Texas execution shows Bush's limited role
The Lone Star State, wary of executive clout, gives its governor little authority to pardon.
AUSTIN, TEXAS — To prosecutors and former neighbors in Gun Barrel City, Texas, she's known as the "black widow," a great- grandmother who shot and killed two of her five husbands and buried them in her yard.
To her family and supporters, she's a victim of childhood rape and spousal abuse who should receive clemency on the basis of "battered women's syndrome."
Tonight Betty Lou Beets may become the next inmate to be executed in the state - the 120th during the five-year tenure of Gov. George W. Bush.
Mr. Bush's presidential bid is focusing more scrutiny on his death-penalty decisions, particularly because he has signed more executions than any other governor. Mrs. Beets's case is a particularly delicate one. Her lawyers say she was overlooked by a 1991 law that called for the parole board to review punishments in murder cases involving battered women.
Bush reminded reporters this week that Texas law only allows the governor to commute a sentence on the recommendation of the Board of Pardons and Paroles, which denied Beets's request for clemency Tuesday.
"The governor appoints capable and qualified people [to the parole board] and trusts them to make the best decisions for Texas," says Linda Edwards, Bush's spokeswoman in Austin. "That's his style of governing."
Unlike many states, where a governor's call can mean the difference between an inmate's life or death, Texas gives the governor only the power to grant a one-time 30-day stay of execution to allow further review. It's a reflection of the state's longtime distrust of executive power.
But while legal experts say Bush's assertions of limited clemency powers are factually true, some critics note they are also politically opportune, allowing Bush to avoid weighing in on highly emotional cases.

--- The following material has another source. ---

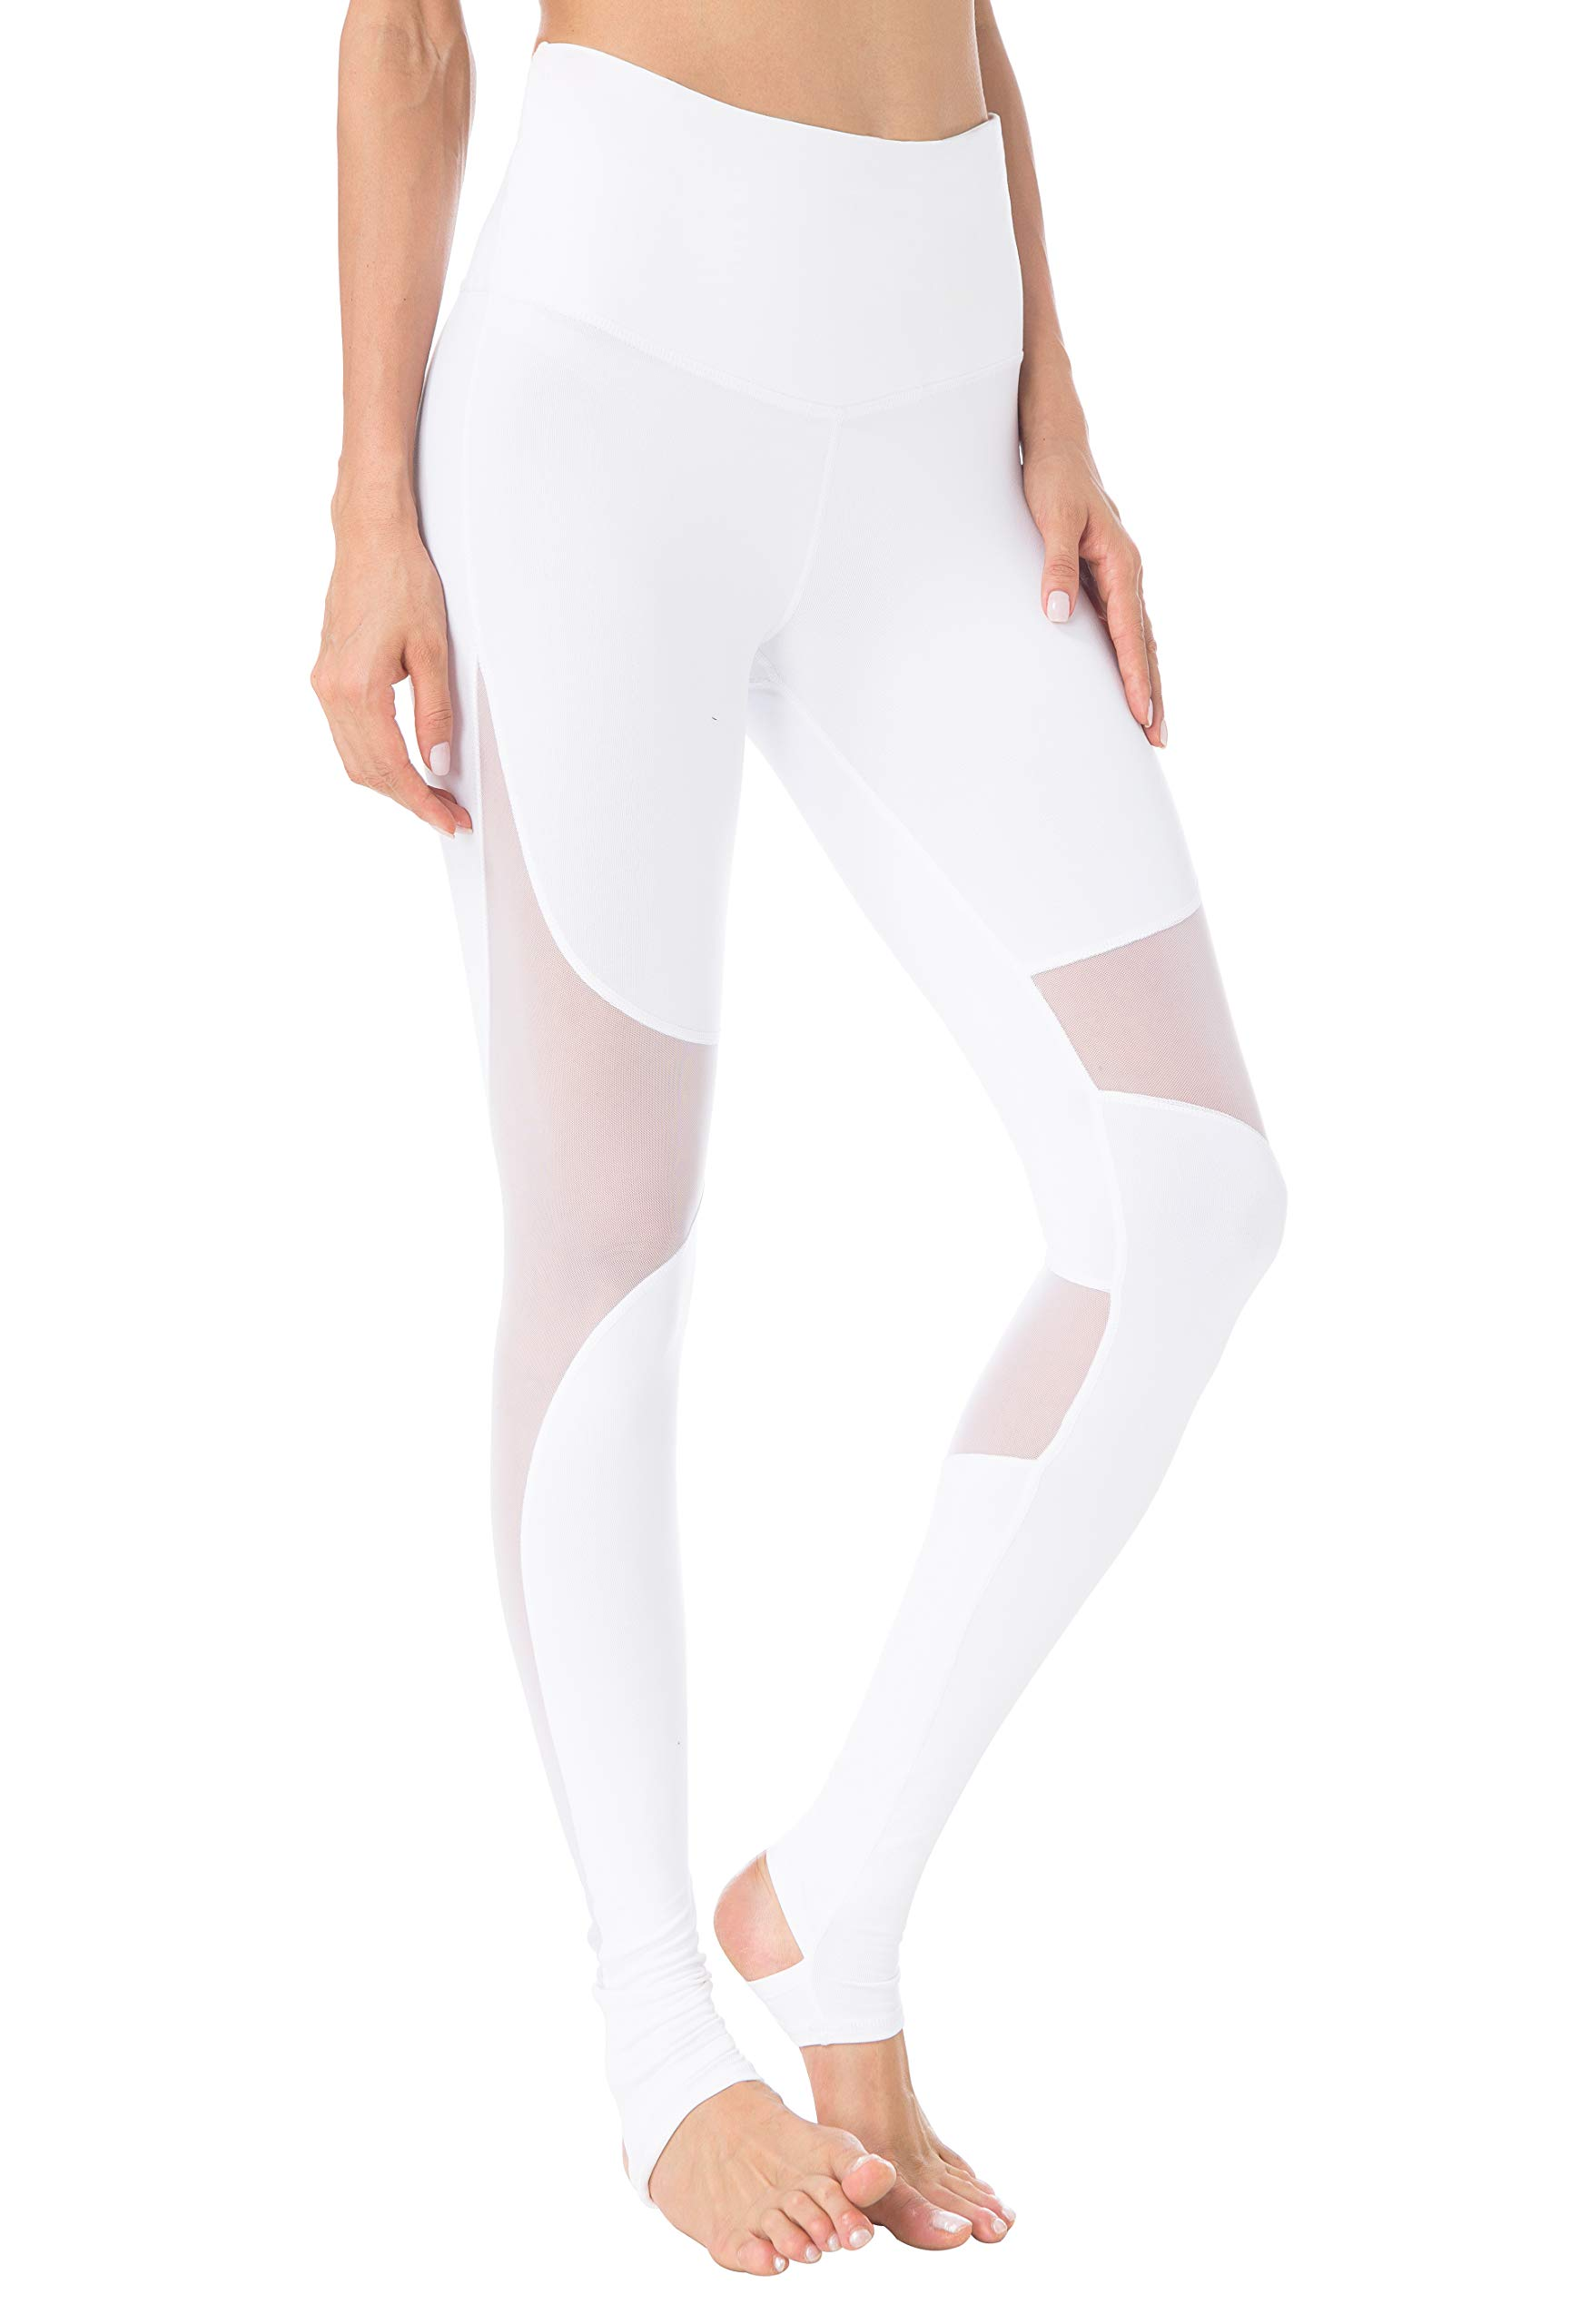 14ccbd5788 Galleon - Queenie Ke Women Power Stretch Leggings Plus Size Yoga Pants  Running Tights Size L Color White Stirrup

"Bush is essentially accurate in describing his role in the clemency process," says Jordan Steiker, a law professor at the University of Texas at Austin. "But from a political standpoint, his entire attitude was to be hands off. He hasn't used the power that he has."
That power is to prod the parole board, whose 18 members he appointed, to give special consideration to certain cases he deems important. In 1998, Bush urged the board to give careful consideration to Henry Lee Lucas, whose death sentence was commuted to life in prison when evidence showed he was innocent of the murder that put him on death row.
Such informal arm-twisting may be uncommon now, but it's a power Texas governors have used in the past, Steiker says. From 1925 to 1972, nearly 20 percent of clemency applicants had their sentences commuted.
Bush, a strong supporter of the death penalty, has been loath to step in unless a case passes one of two tests: evidence of innocence or a clear violation of a defendant's right to a fair trial. One famous inmate who failed to pass this standard was Karla Faye Tucker, a pick-axe murderer from Houston who in 1998 became the first woman executed in Texas since the Civil War.
"This is so central to George Bush's campaign of personal responsibility," says Robert Stein, dean of social sciences at Rice University in Houston. "The two reasons for clemency are that they are not responsible for their acts or that they are not guilty. If he can't pardon Karla Faye Tucker, I don't see how he can pardon this person."
For her part, Beets neither accepts nor denies her guilt in the 1983 murder of her husband, Jimmy Don Beets, who was found buried under a wishing well. She says she simply can't remember. Prosecutors charged her with capital murder, arguing that Beets killed her husband to receive more than $110,000 in life insurance and pension funds.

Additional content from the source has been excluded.